APIs aren’t perfect, but they can be better

Published in

Telnyx Engineering

8 min readJun 2, 2020

In the 10 years Telnyx has been around, our product offerings have grown and evolved. By working with our customers, we have learned to fulfill their needs in increasingly easy-to-use ways. Our telephony engineers would release some features, messaging engineers (that’s me!) others, and number inventory engineers more. We delivered a very functional API to customers — important to be sure — but it was not always the most consistent or easy to understand.

Our engineering division used to be able to maintain consistency with zero effort using this one weird trick: just have one engineer. As the team grew, one engineer would do things one way, another that way, but by sharing the same code base, it would passively converge on the true way. Later on, engineering split roughly along the lines of our usage products and account support, and so ended one group of people looking at one codebase.

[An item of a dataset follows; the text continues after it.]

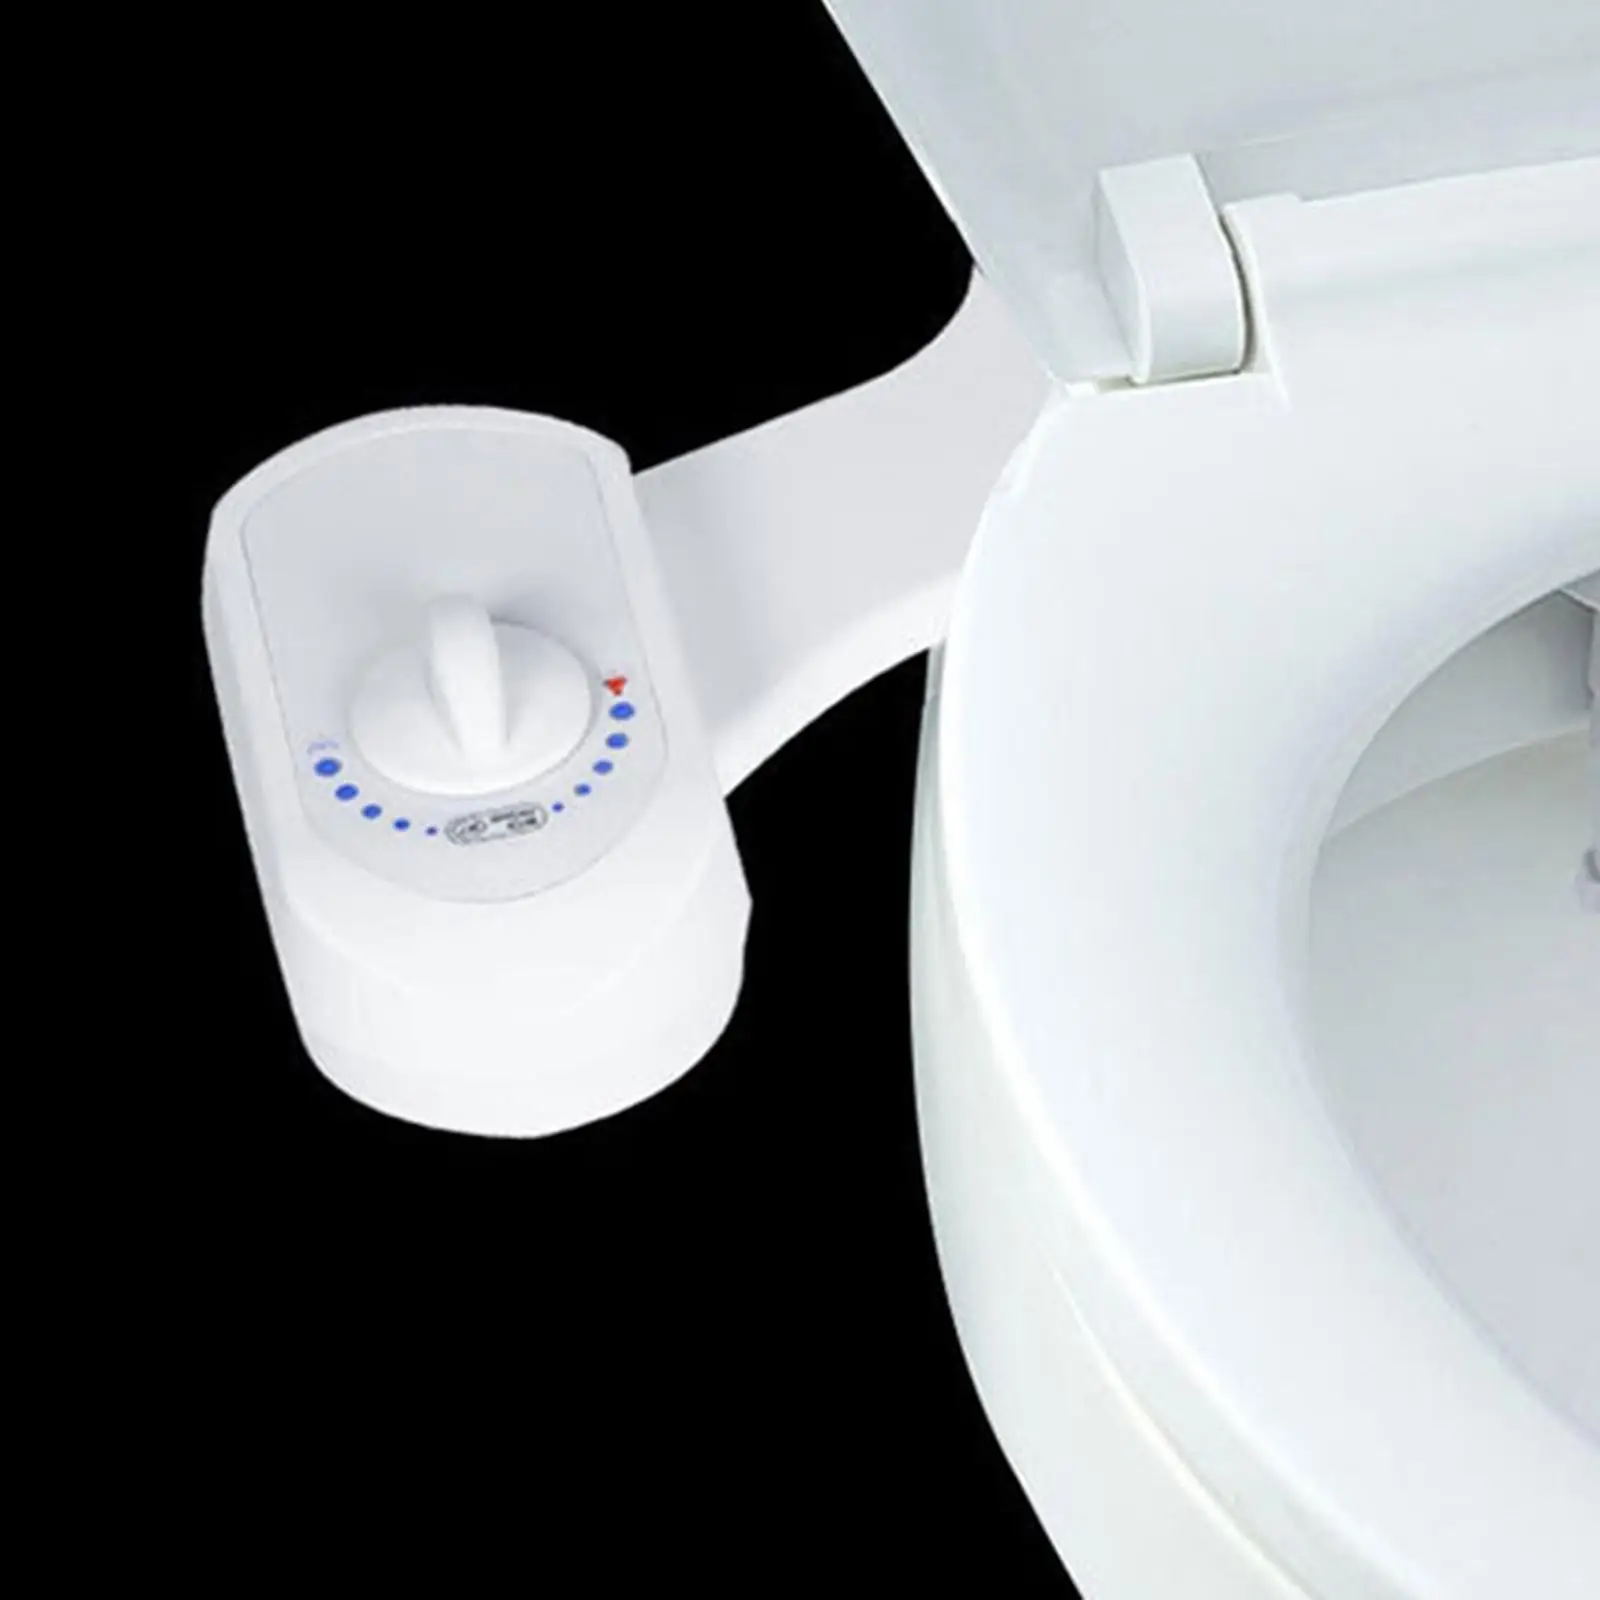 Bidet Toilet Seat Attachment Washing to Install Adjustable Water Pressure Water Temperature Adjustment for Bathroom

The river between the groups caused a speciation event, and new traits could emerge independently in the two groups. Additional splits occurred later: splitting off inventory, splitting messaging. In each case, new traits could and would arise to fulfill their technological niches.

We have lively debates about which of our teams best resemble what modern-day organisms. I’ve found Thermus aquaticus to be fantastically useful. Image: Gringer, public domain

When I joined the company two years ago, our teams had already speciated. I joined the colony of Telnyxus mercurii (from the Roman god Mercury) and adopted the view from the messaging niche: a very deep, but very narrow view—everything messaging and only messaging. I knew every permutation of options, features introduced that few used, and what happens in that strange edge-case. The considerations I placed on adding features and fields were to be consistent with whatever our group had, but often they were novel, so I just shopped it around my team. However, they may not have been new to other teams. I wasn’t as familiar with what the other teams were doing: time was spent on problems that telephony apps or numbering inventory may have already solved, but worse, inconsistencies arose in our API.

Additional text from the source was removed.